Identifying effects of specific environments

Berg and Coop report that Crohn’s disease and ulcerative colitis show signals of adaptation
to principal components of summer and winter environmental variables. Our analysis
confirms these signals and may suggest which environmental variables, as opposed to
the principal components, drive this adaptation. In particular, Berg and Coop find
that Crohn’s disease has a significant correlation with their summer PC2, summer PC1
and winter PC1. Summer PC2 is loaded strongly on precipitation, humidity, and radiation,
and we find strong correlations for Crohn’s disease with summer precipitation and summer
humidity. Similarly, summer PC1 is loaded strongly on winter temperature, which is
correlated with Crohn’s disease in our analysis. Berg and Coop find that summer PC2
is also correlated with ulcerative colitis, and in our analysis ulcerative colitis
is correlated with summer radiation. When compared to the null distributions, none
of our correlations for Crohn’s disease or ulcerative colitis is significant after
FDR or Bonferroni adjustments, but our p-values are similar to those that Berg and Coop report.

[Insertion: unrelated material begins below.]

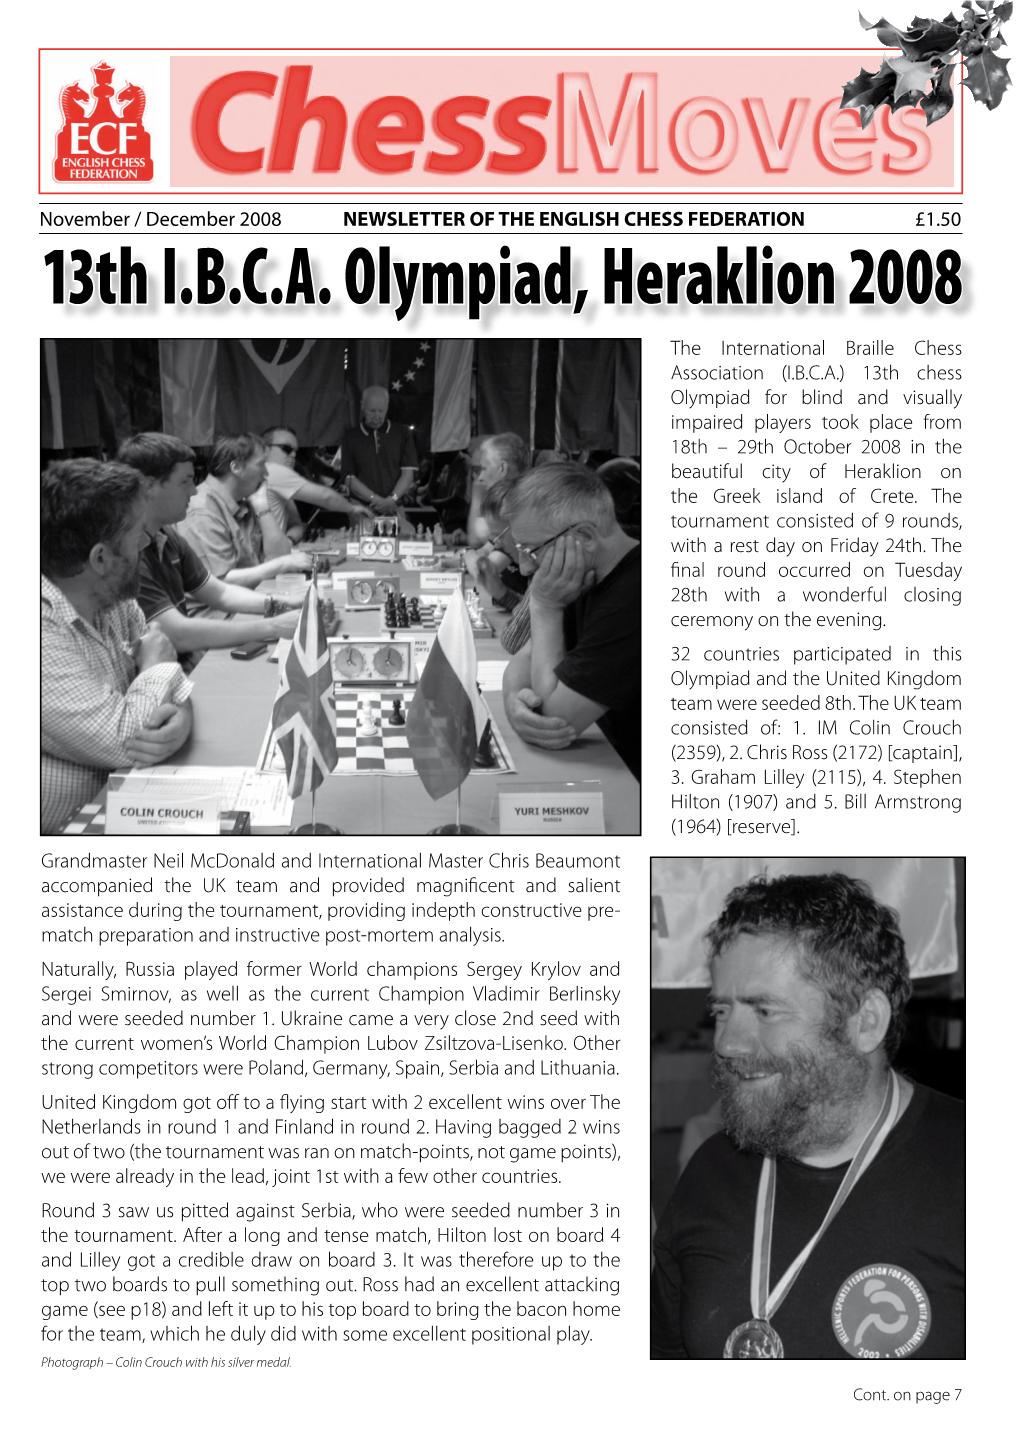 13Th I.B.C.A. Olympiad, Heraklion 2008

Specific genes and environmental factors

Our results for the local environmental adaptation of disease risk SNPs led us to
examine gene annotations of SNPs that had significant p-values from Bayenv as well as R
2
values that were significantly higher than those derived from the null distributions
created with sets of resampled SNPs.

Many genes that showed signals of adaptation in Bayenv 24], 25] and our analysis, and all genes that showed both signals with two or more environmental
variables, had functions related to the immune system. In some cases, one SNP was
associated with multiple environments and in other cases, multiple SNPs near the same
gene accounted for the environmental associations. Genes that were significant with
at least two variables include: BTNL2 for alopecia areata, NOD2 for Crohn’s disease,
PLA2R1 for membranous neuropathy, LMO1 for neuroblastoma, and TNPO3, UBE2L3, HLA-DRA,
and HIC2 for systemic lupus erythematosus.

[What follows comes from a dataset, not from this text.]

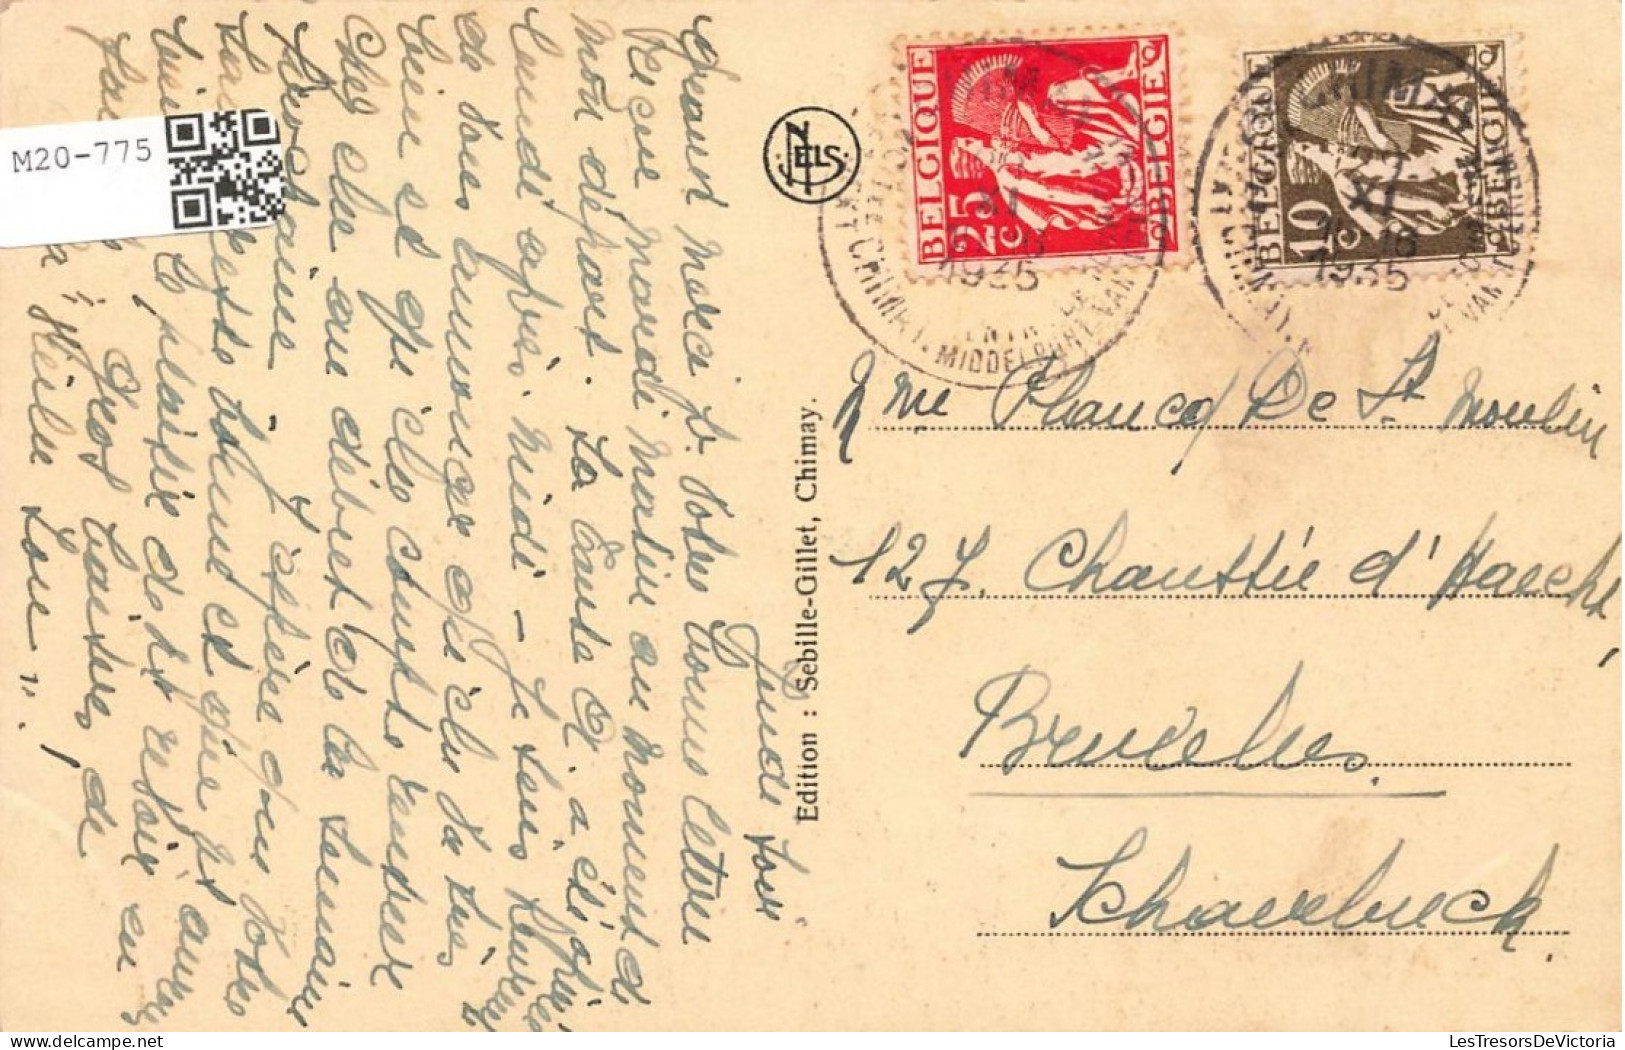 BELGIQUE - Chimay - La Place - Eglise  - Carte Postale Ancienne - Chimay

For asthma, several genes were significant in both Bayenv and our analysis. SNPs located
within 10 kb of the DENND1B gene and SNPs within 10 kb of the CRB1 gene were significant
for summer humidity. The DENND1B protein is important in the innate and adaptive immune
response to previously encountered antigens. It is part of the signaling pathway for
inflammatory response, and is associated with moderate to severe cases of asthma 26]. SNPs within 10 kb of the RORA gene and SNPs within 10 kb of the IL2RB gene were
significant for summer radiation flux. SNPs near the RORA gene were also significant
for latitude, summer maximum temperature, and winter minimum temperature. RORA is
a component of the mammalian circadian clock 27], and is involved in lipoprotein metabolism 28] and lipid homeostasis in muscle cells 29]. These functions could help explain the signals of adaptation of this asthma-associated
gene with summer and winter temperature.

For prostate cancer, SNPs located within 10 kb the KLK3 gene were significant for
summer radiation flux, winter humidity, and latitude in Bayenv. The KLK3 gene produces
prostate specific antigen (PSA), a widely used biomarker for prostate cancer 30].